Quelle journée je passai ! Il y eut un moment ou le vent fraîchit assez pour me faire trembler pour ma plate-forme, que l’eau couvrit plus d’une fois, quoique la vergue de hune lui fît une sorte d’abri.

Vers le déclin du jour le vent tomba, et au coucher du soleil tout était rentré dans le calme ordinaire. Je pouvais être à huit ou neuf milles de l’endroit où l’Aurore avait péri, sans tenir compte de l’influence des courants, qui pouvaient m’avoir entraîné beaucoup plus loin, ou m’avoir ramené, à mon insu, au point de départ. Je profitai de la dernière lueur de jour pour examiner avec anxiété l’horizon ; mais rien n’était visible.

La nuit fut aussi paisible que les précédentes ; mais il n’en fut pas de même de mon sommeil, qui fut continuellement agité. Mes pensées se reportaient sur ma sœur, sur Lucie, sur M. Hardinge, et sur Clawbonny, que je voyais déjà en la possession de Jacques Wallingford.
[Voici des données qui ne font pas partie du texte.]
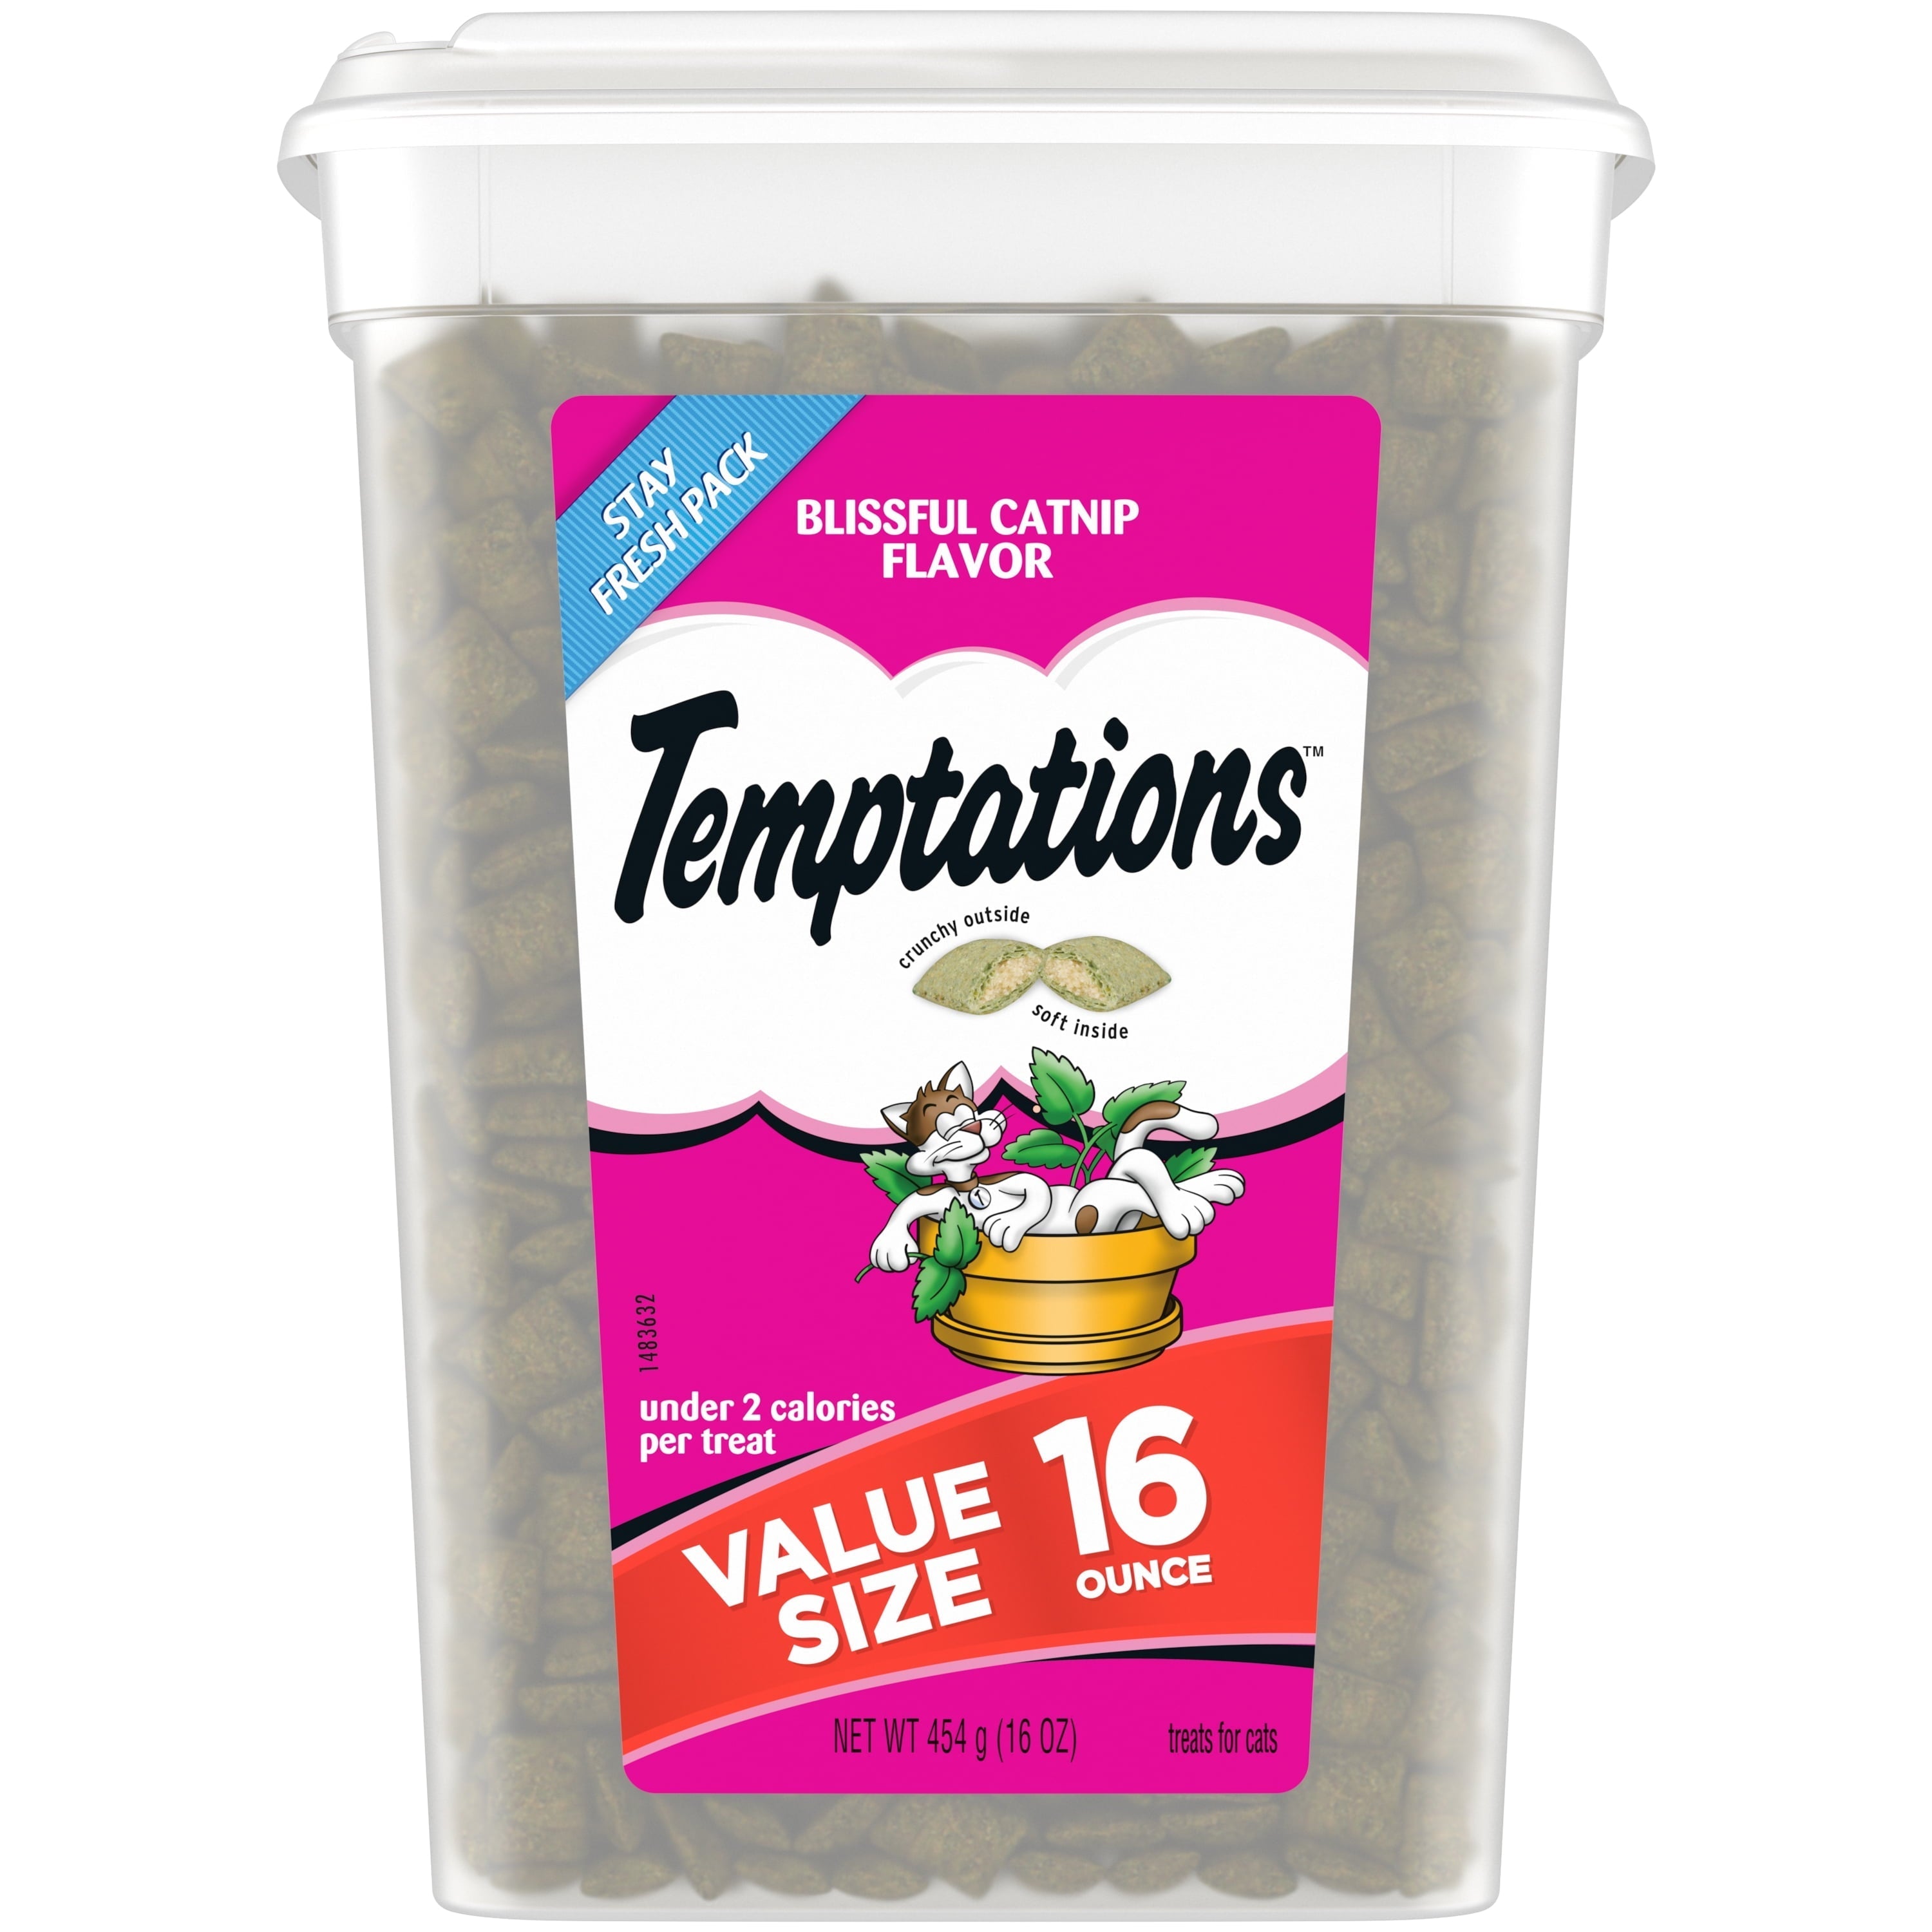 Wholesale prices with free shipping all over United States Temptations Classic, Crunchy and Soft Cat Treats, Blissful Catnip Flavor, 16 oz. Tub - Steven Deals

Mon cousin était triomphant du succès de ses artifices. L’instant d’après, il me semblait que Lucie avait acheté cette propriété, et qu’elle y demeurait avec André Drewett, dans une belle maison qu’elle venait de faire construire dans le goût moderne.

Vers le matin, je m’assoupis pour la quatrième ou la cinquième fois de la nuit ; et je me rappelle que j’éprouvais cette sorte de sensation singulière qui nous apprend que nous rêvons. Au milieu des imaginations qui me passèrent par l’esprit, il me sembla que j’entendais Marbre et Neb qui causaient ensemble. Ils parlaient d’une voix basse et solennelle ; et leurs paroles étaient si distinctes, que je ne perdais pas une seule syllabe.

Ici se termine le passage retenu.